Yesterday I spent the day in Saginaw, hearing stories I’d only read about in newspapers and magazines, meeting people in the flesh with big hearts and earnest eyes. I realized how perilous our paths can be – born into one family or another, our chances at success are carved for us almost at birth.

At the end of the day, these young men gathered to welcome van-loads of precious children, brought to “The Neib” after school for a hot meal, homework help and camaraderie in the gym – an attempt to steer their paths away from danger. These young men are their role models, their mentors, and by giving back, the young men hope to blaze a new path in a new direction.

The neighborhood around Neighborhood House, run by Lutheran Social Services of Michigan, a Your People client, is clean and sparse, with empty lots and houses that have stood witness for many, many years. Nearby, a new development of unsubsidized three-bedroom family homes are occupied and teeming with new life. Miss Yvonne, the director of Neighborhood House, provides a place to go and loving guidance to young people who she believes can do and be anything.

How lucky am I that this is part of my daily work?

And how lucky am I that I was born into a different family and community, without the immense challenges that Daniel and MC and Apollo and Ronnie face? Or sweet young Veronica and Anaya, in their pink heart-decorated clothing and eager smiles?

As I drove away late in the day, I was grateful in a way I never had been for my upbringing. I never had to worry about…anything. My parents gave me everything and even without the everything part, I still had everything.

Of course, I never really knew it until faced with a different kind of childhood, like I saw yesterday.

My parents guided me to study and become educated. It was never a question that I would go to college; and it was never a question that I’d have to scrounge up money to pay for it.

All the obstacles and barriers that many Americans face were removed before I knew they existed. How lucky. How fortunate. How spoiled.

The immense gratitude that I have for the path I was put on from birth is indescribable.

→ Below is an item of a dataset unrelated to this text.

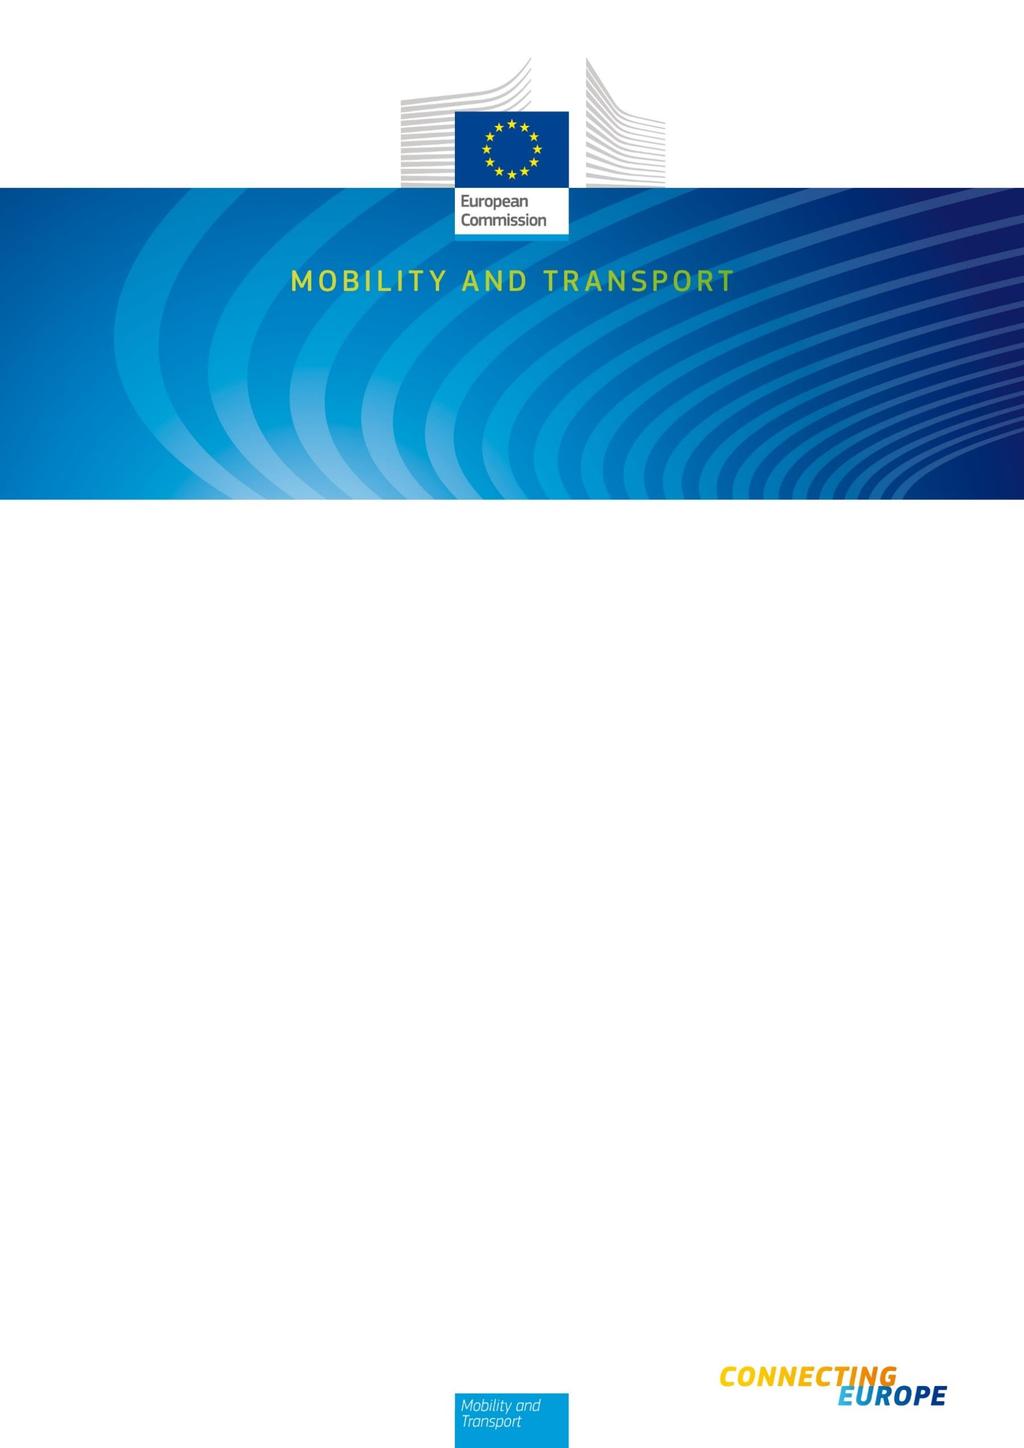 Workshop on "Competitive tendering of public service contracts for rail passenger transport: Meeting the challenge" Brussels - 30 th May 2018 Proceedings These proceedings summarise the main messages

We are mere miles apart but worlds different – and yet, at the core, we are exactly the same.

Hearts beating, dreams spinning in vibrant colors, passion and love and desire to be loved all the same. 

That’s the thing: we live in a family of human beings, of souls that are identical in makeup and ability, and yet but for the grace of God, one of us walks through so many open doors and another flinches at the slamming of every door in his face.

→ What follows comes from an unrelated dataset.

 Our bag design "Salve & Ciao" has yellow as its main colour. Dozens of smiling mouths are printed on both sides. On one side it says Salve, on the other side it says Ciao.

I was embarrassed that I did not know so many employers won’t hire someone with a felony on their record. These earnest young men – who will give them a chance? Don’t they deserve everything I’ve had the opportunity for, too?

Of course they do.

Where is the humanity in humanity? The coming-together of hearts and minds, to make sure all doors are open in all directions, like Abraham’s tent?

My twentysomething idealistic zeal reared its ugly head yesterday because I have always believed – and I still do today – that all people deserve chances. We all make mistakes, but our communities of origin determine whether they brand us for life or can be neatly tucked away in obscurity so no one else sees.

Today, I walk into my daily work with new eyes. I’ve always been dedicated to a path of making the world better, a higher purpose driving my work. Even moreso now. If I can do anything to make a difference for people who need it, you better believe I will make that top priority.